Pneumolysin, the thiol-activated toxin of Streptococcus pneumoniae, does not require a thiol group for in vitro activity.

F K Saunders 1, T J Mitchell 1, J A Walker 1, P W Andrew 1, G J Boulnois 1
PMCID: PMC313484  PMID: 2744861

Abstract

The role of the single cysteine residue in the activity of the thiol-activated toxin pneumolysin was investigated using oligonucleotide-mediated, site-directed mutagenesis.
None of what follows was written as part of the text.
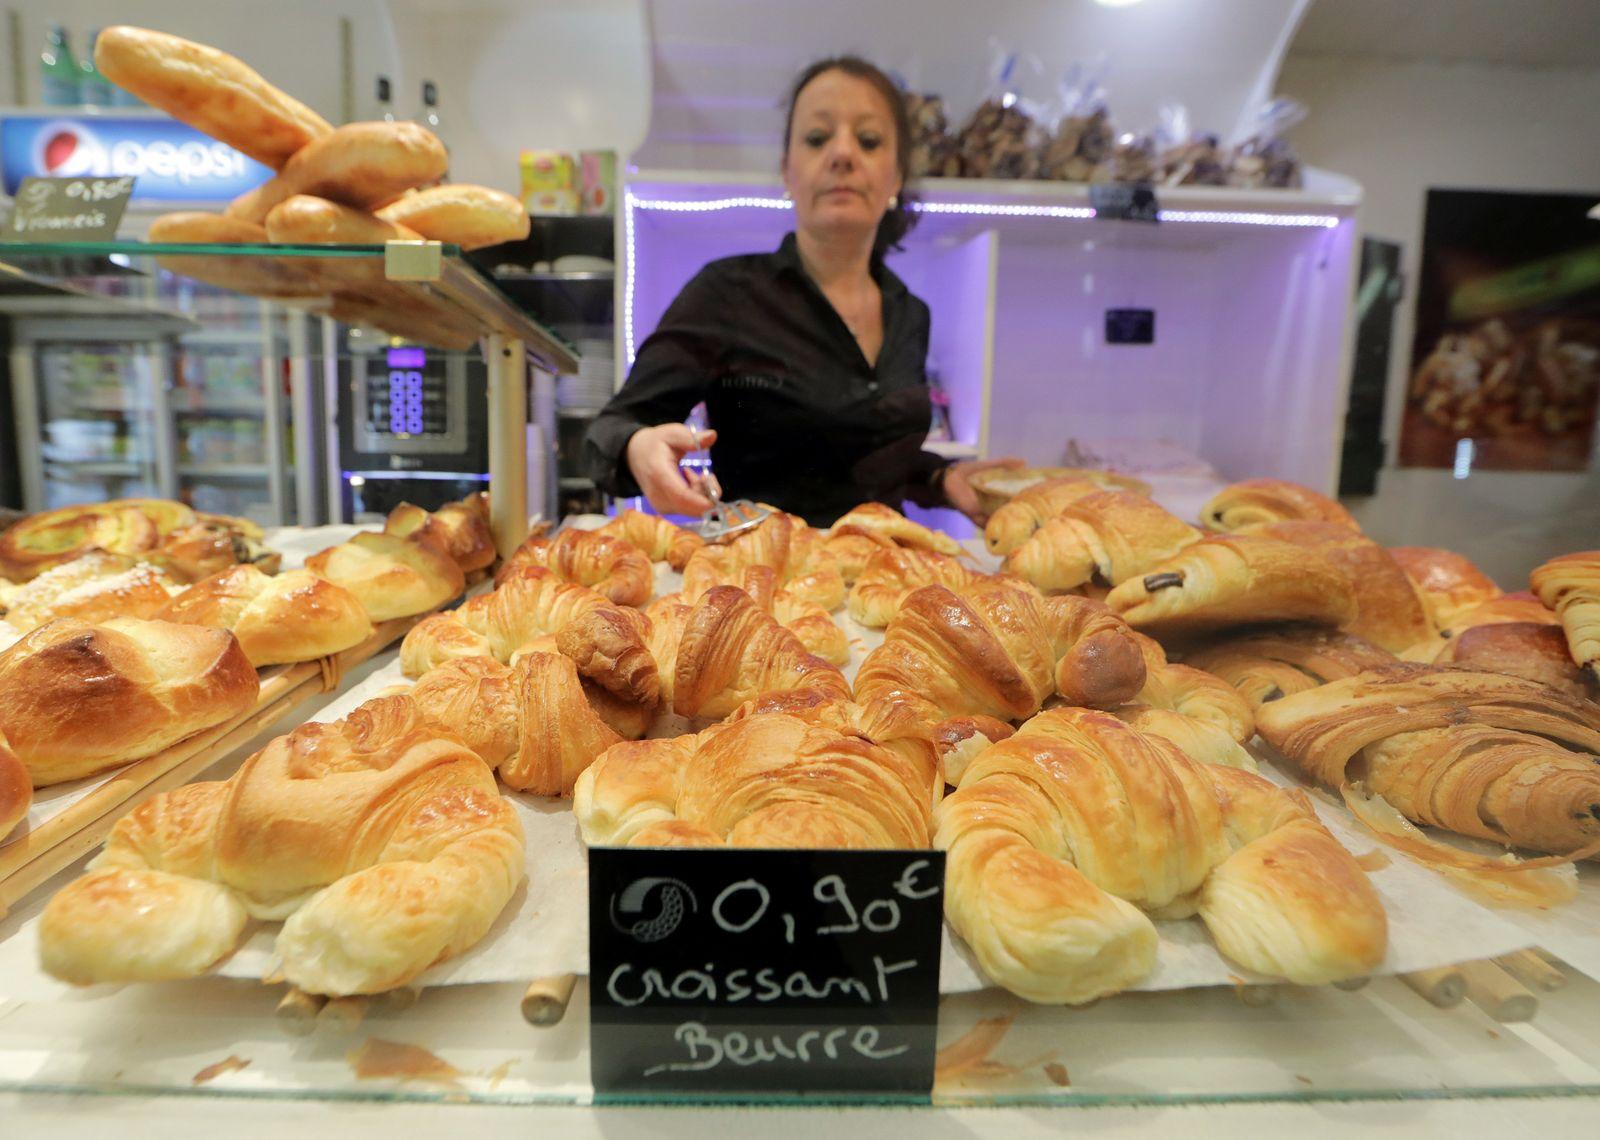 FRANCE-FOOD/BUTTER

Three modified toxins in which the cysteine residue was changed to an alanine, a serine, or a glycine residue were purified to homogeneity and examined for activity. The Cys-428----Ala modified toxin was indistinguishable from the wild-type recombinant toxin in terms of hemolytic activity and lytic and inhibitory effects on human polymorphonuclear leukocytes (PMN), indicating that the cysteine residue is not essential for toxin activity. The Cys-428----Ser and Cys-429----Gly modified toxins had reduced activity on erythrocytes and polymorphonuclear leukocytes, being 6 and 20 times less active than the wild type, respectively. However, all the modified toxins formed oligomers in erythrocyte membranes to the same extent as the wild-type recombinant toxin. This suggests that the cysteine residue at position 428 is involved in neither the binding of toxin to membranes nor its insertion into the membrane, and also that the formation of oligomers is not by itself sufficient for toxin activity.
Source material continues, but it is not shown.